To look at the data, I needed a few libraries, in particular, pandas, Matplotlib, Cartopy, and Imageio. I started off by importing all the data into a pandas dataframe, indexing by time. To get an idea of how readings changed over time, I sliced the data to only include the district of Gangnam and generated line plots of the readings for each pollutant.
I noted how clear it was to see how nitrous dioxide, carbon monoxide, and dust were on the rise between the 20th and 23rd, but there was a drop in ozone at this time as well. This visualization and commentary were all well and good (and if I did this 24 more times to cover every other district and do some comparisons, it would have been sufficient for the project’s requirements). But, I couldn’t allow myself to go the easy route. I was invested to do my best. One of my favorite subreddits is /r/dataisbeautiful, where users present visualizations of data. I love visualizations in how they can compactly yet beautifully present data, and 25 graphs definitely isn’t compact. So, what could I do? How about plotting the data on a map of Seoul?
In class, we took a bit of time to look at Catopy, but by a bit of time, it went something like, “This exists; it can draw maps and data on it.” So, after some time, experimentation, and a lot of documentation reading, this is what I figured out. I could import my own maps as long as I had a shapefile (and thankfully, there’s this lovely shapefile of Seoul right here). To import the shapefile, I needed to use Cartopy’s shapereader. From the shapereader, I have access to each individual district on the map in a list. With this, I can now go through each district, add its shape into the map, and individually color each shape in the process. This is a snippet of me randomly coloring each district of Seoul.Fantastic! Now, I can look at each pollutant, create a range of colors normalized with respect to the minimum and maximum concentrations of a given pollutant from the dataset, and color each district based on the concentration. To show you what I mean, here is a picture of the nitrogen dioxide levels in all the districts at 11 pm on November 17th.
Now, this is where I really had fun. I went through each pollutant and batch-generated similar images for each time in the data. Then, using Imageio, I gathered all these images into a .gif. Without further ado, here are the animated visualizations I made for each pollutant.
The Takeaways
This was an extremely fun project for me.

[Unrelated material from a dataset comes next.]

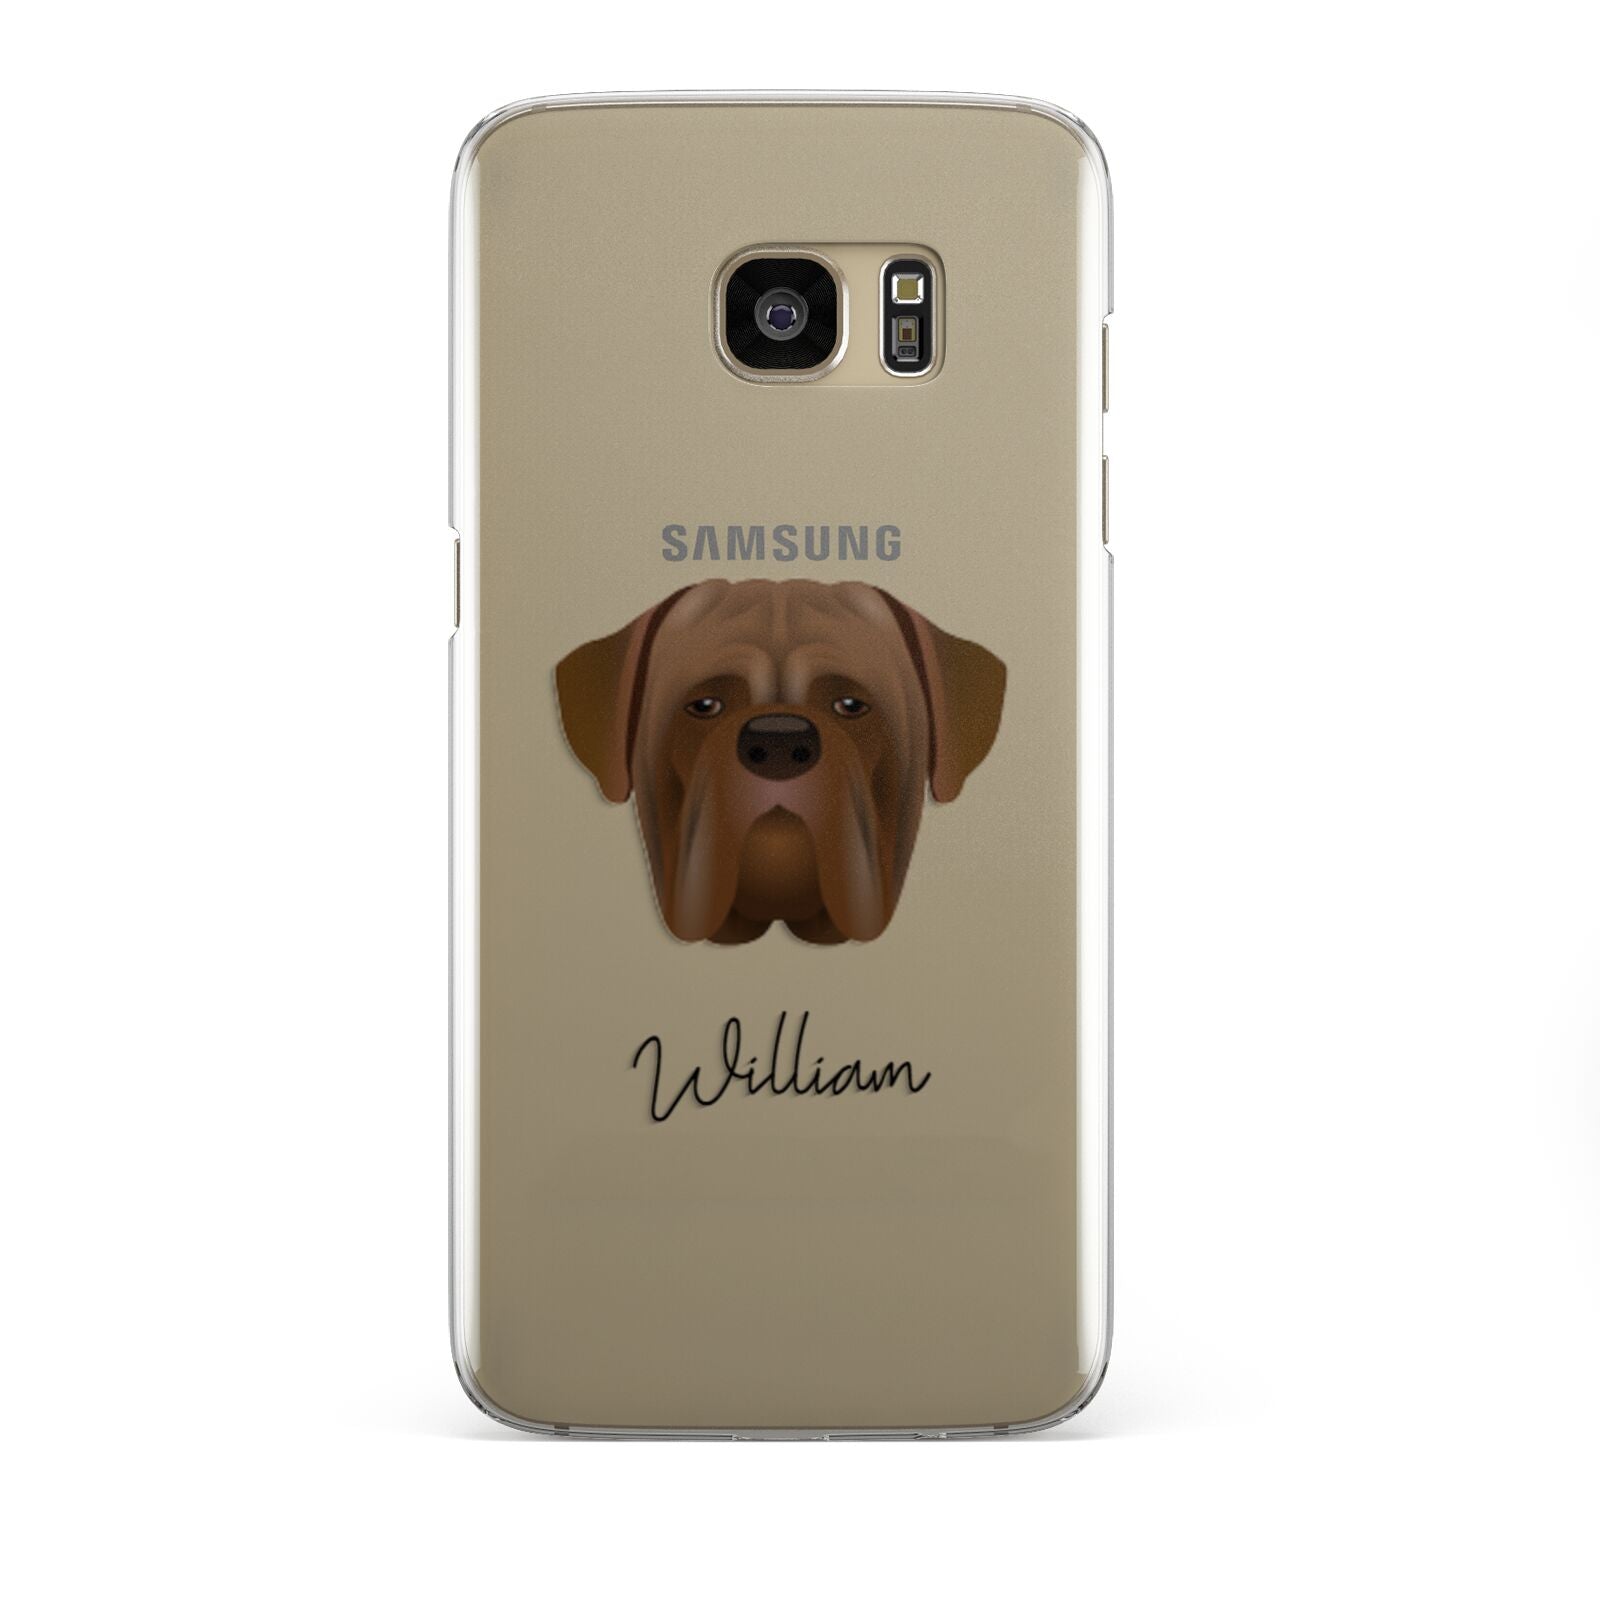 Dogue de Bordeaux Personalised Samsung Galaxy S7 Edge Case

I really got out of my comfort zone and got my feet wet in a new field, and I also got to really show what I’ve learned in something I haven’t done before. With these visualizations, I really got a clear picture of how these pollutants change over time, not only for a given district, but with their surrounding districts in consideration as well. There’s a kind of motion you can perceive in some of these animations as pollutants move through the district. This is something you definitely could not perceive with line graphs.
Granted, there are probably better ways to make visualizations like this. But, for me, who hadn’t used Python much at all before, I consider this an accomplishment. My Python skills are definitely a lot more competent now, and I have a much greater appreciation for data science. In the greater scheme of things, this was a stepping stone to figuring out what I want to do with computer engineering. I love trying technologies I haven’t tried using before, and I love applying my skills in fields and disciplines that aren’t purely engineering. I love working on projects that make me use my skills in completely different places, like using data science to help in analyzing air pollution. Even when I’m completely in the dark entirely, like not knowing the technologies or subject matter, I find that I really want to learn. Wherever there’s a project for me, there’s a lot of learning and a lot of fun for me to have.